- Nationality: Norwegian
- Born: 11 April 1966 (age 59) Fetsund, Norway

British Touring Car Championship
- Years active: 1998, 2001
- Teams: Mardi Gras Motorsport, HTML
- Starts: 40
- Wins: 1 (6 in class)
- Poles: 0 (6 in class)
- Fastest laps: 0 (3 in class)
- Best finish: 21st in 1998

Championship titles
- 1996: National Saloon Car Championship - Class B

= Roger Moen =

Norwegian racing driver (born 1966)

Roger Moen (born 11 April 1966, in Fetsund) is a Norwegian former racing driver.
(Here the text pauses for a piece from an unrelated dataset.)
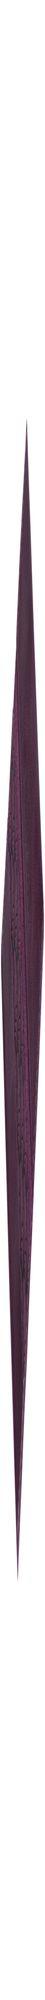 Футляр для визиток Letizia, фиолетовый
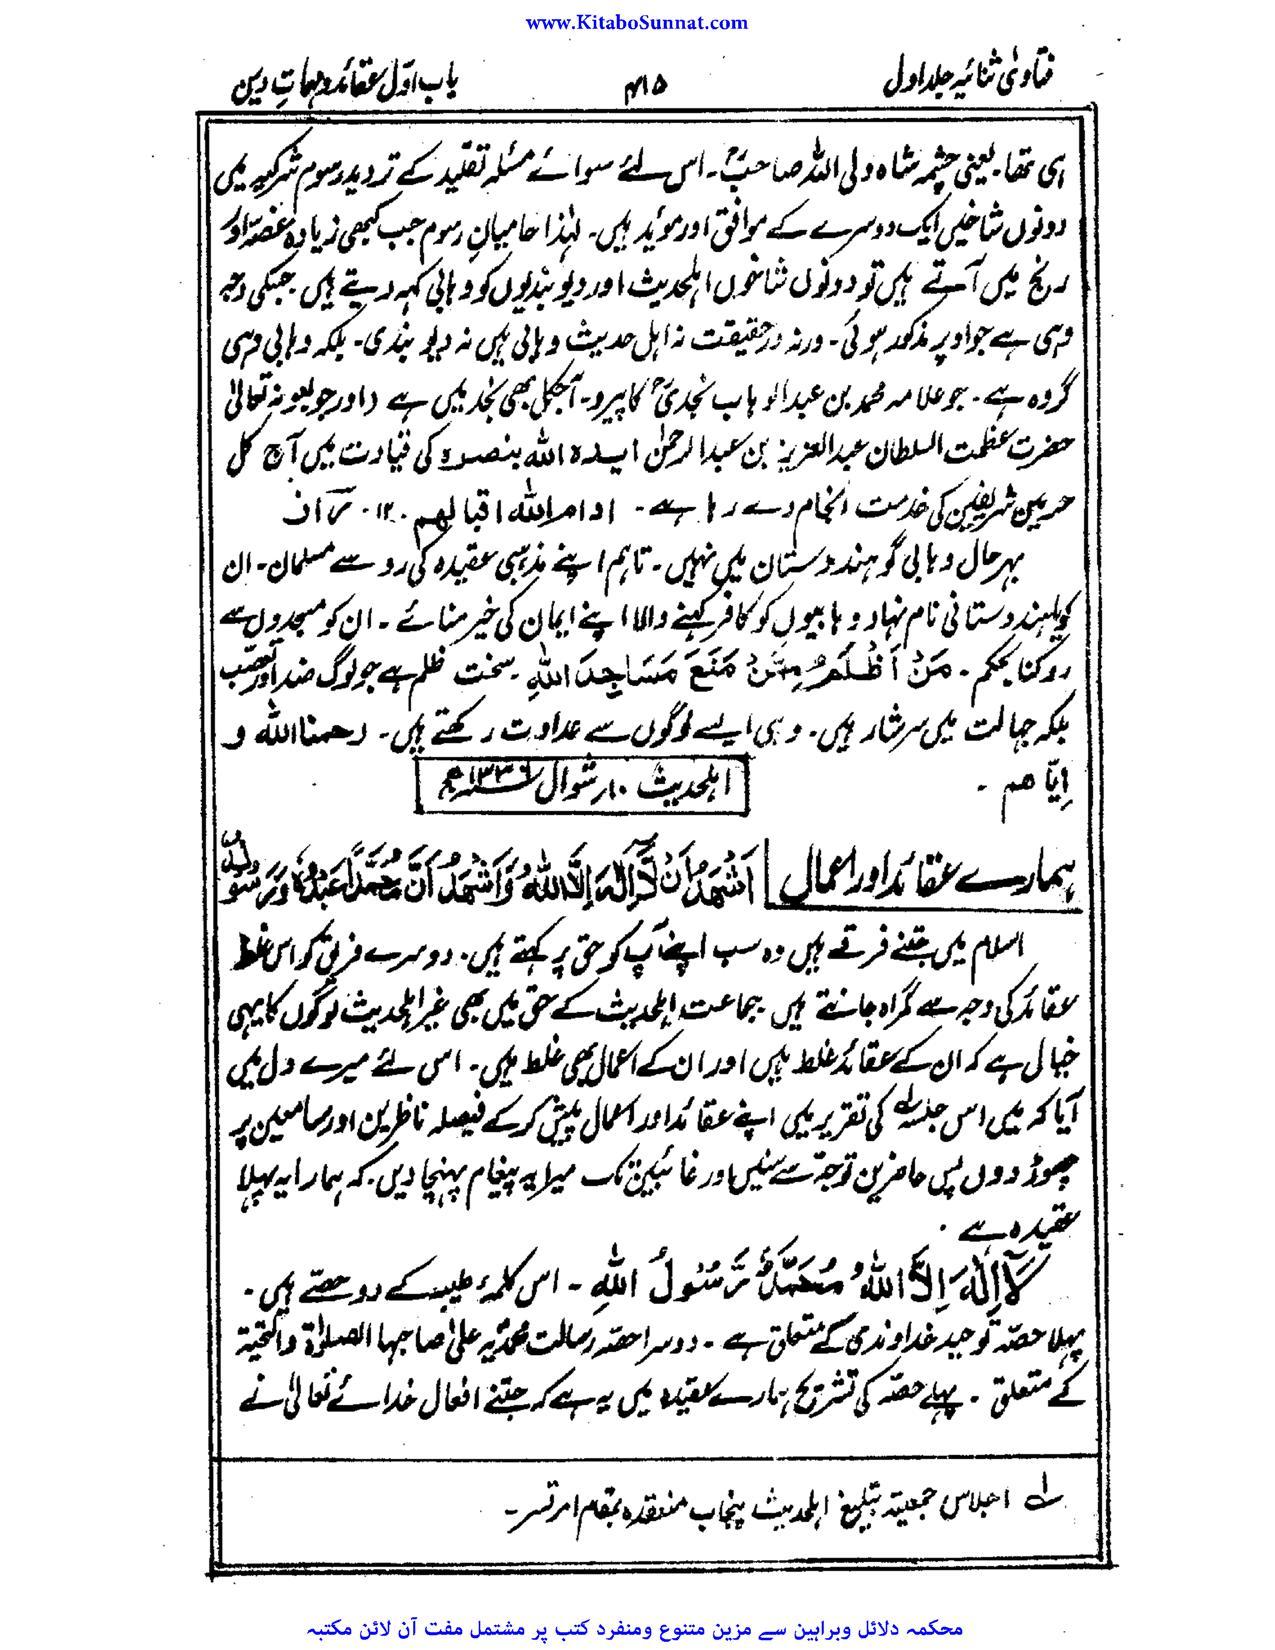 Wahabi Deobandi2.jpg

He is best known for his two different spells racing in the British Touring Car Championship. He first raced in British Saloons, winning his class in the National Saloon 2000 championship with seven wins in 1996, and finished as runner-up in 1997.

In 1998, Moen drove in the BTCC for the Michelin Cup for Independents, in a Honda Accord for Mardi Gras Motorsport. He drove in the first fourteen of the twenty-six rounds, finishing fifth in the independents cup and twenty-first overall with one championship point. He returned to the BTCC in 2001, racing a full season in the production class for HTML in a Peugeot 306, ending the year third in class. In 2003, he competed in the Swedish Touring Car Championship.

==Racing record==

===Complete 24 Hours of Spa results===

| Year | Team | Co-Drivers | Car | Class | Laps | Pos. | Class Pos. |
|---|---|---|---|---|---|---|---|
| 1996 | GBR Honda Challenge | GBR Bill Stillwell BEL Xavier Desaeger | Honda Civic V-Tec | Spa 1.6 | 426 | 23rd | 2nd |

===Complete British Touring Car Championship results===
(key) Races in bold indicate pole position (1 point awarded all races, 2001 in class) Races in italics indicate fastest lap (1 point awarded - 2001 only in class) * signifies that driver lead feature race for at least one lap (1 point awarded - 2001 only in class)

Year: Team; Car; Class; 1; 2; 3; 4; 5; 6; 7; 8; 9; 10; 11; 12; 13; 14; 15; 16; 17; 18; 19; 20; 21; 22; 23; 24; 25; 26; DC; Pts; Class
1998: Mardi Gras Motorsport; Honda Accord; THR 1 18; THR 2 17; SIL 1 16; SIL 2 15; DON 1 Ret; DON 2 15; BRH 1 18; BRH 2 16; OUL 1 16; OUL 2 15; DON 1 11; DON 2 10; CRO 1 Ret; CRO 2 16; SNE 1; SNE 2; THR 1; THR 2; KNO 1; KNO 2; BRH 1; BRH 2; OUL 1; OUL 2; SIL 1; SIL 2; 21st; 1
2001: HTML; Peugeot 306 GTi; P; BRH 1 2†; BRH 2 ovr:8* cls:2; THR 1 Ret; THR 2 Ret*; OUL 1 ovr:3 cls:3; OUL 2 Ret; SIL 1 ovr:2 cls:2; SIL 2 ovr:8* cls:1; MON 1 ovr:6 cls:3; MON 2 ovr:11 cls:7; DON 1 ovr:8 cls:1; DON 2 ovr:7* cls:2; KNO 1 Ret; KNO 2 ovr:10 cls:6; SNE 1 ovr:17 cls:13; SNE 2 ovr:14 cls:8; CRO 1 ovr:1 cls:1; CRO 2 Ret; OUL 1 ovr:5 cls:1; OUL 2 ovr:7* cls:1; SIL 1 ovr:5 cls:1; SIL 2 Ret; DON 1 ovr:2 cls:2; DON 2 ovr:6* cls:1; BRH 1 ovr:12 cls:4; BRH 2 NC; N/A; 212; 3rd

† Event with 2 races staged for the different classes.